Historical subdivisions
The town is divided into several rioni, many of which are named after a related church or convent. In the most historic part of the city are counted the rioni Rabatana, San Michele, San Filippo, Petto and Cattedrale built between the 10th and 17th centuries, the remainder, however, are of contemporary construction.[131]
Among the most historic are Rabatana, which was the first inhabited ward of Tursi. Rising in the highest part of the city, around the castle, in the 5th century, it was built at a strategic point for the control of the valleys below (Sinni valley and Agri valley). The rione still stands almost apart from the rest of the town, connected in fact only by the “petrizza.” In the rione are the remains of the castle and the collegiate church of Santa Maria Maggiore.[131] To the south, after the “petrizza” is the rione San Michele, named after the church of the same name, and built around the 10th century. As a structure very similar to the previous one, it has houses leaning on each other and narrow streets built of stone. The district contains the Latronico Palace, one of the largest palaces in Tursi, the church of San Michele, former cathedral of the diocese, and the birthplace of the poet Albino Pierro, now used as a library and literary park.[131] Going further down the valley to the south is the San Filippo district, which also takes its name from the church of the same name.

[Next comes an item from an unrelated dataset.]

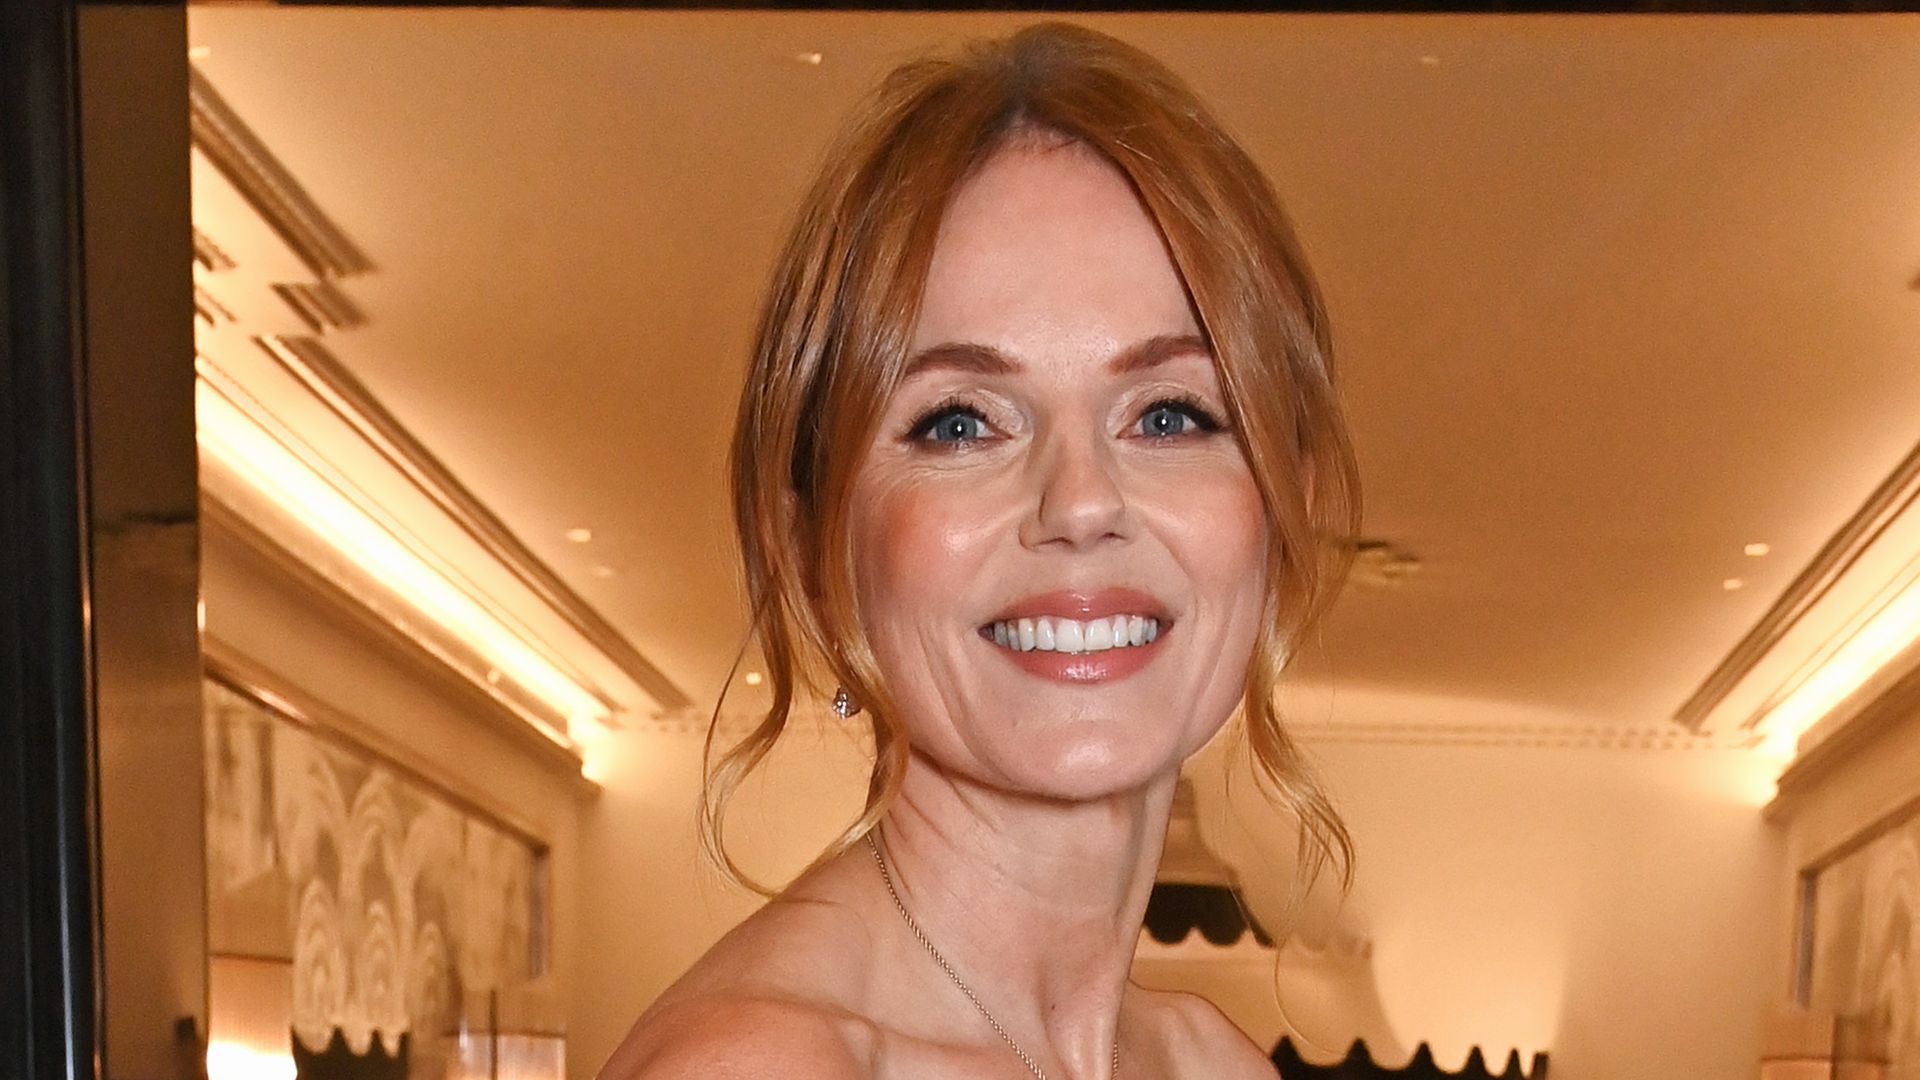 Geri Halliwell-Horner with hand on her hip in floral gown

Built around the 17th century, until the 1960s it was the center of the town and had all the public offices later moved to the present town center. This ward features Plebiscito Square, Brancalasso Palace and the church of San Filippo dedicated to the worship of the patron saint. The alleys, similar to the previous wards, are made of stone and mostly, narrow and steep.[131] The Petto or Pandosia ward built to the east of the previous one, takes its name from the extreme steepness of its alleys. The houses of the ward lean on each other and almost cling to the steep gable below. The Petto connects the San Filippo ward to the newer Santi Quaranta ward.[131] The Cathedral ward, named for the presence of the cathedral, is built to the south of the San Filippo ward and effectively encompasses Catuba, a west-facing area, and Vallone, the lower and central area of the city. The ward contains the Cathedral of the Annunziata and the diocesan chancery building, which overlook Piazza Maria Santissima di Anglona, the current center of the city. The southern part of the square is also overlooked by the present town hall and the war memorial.[131]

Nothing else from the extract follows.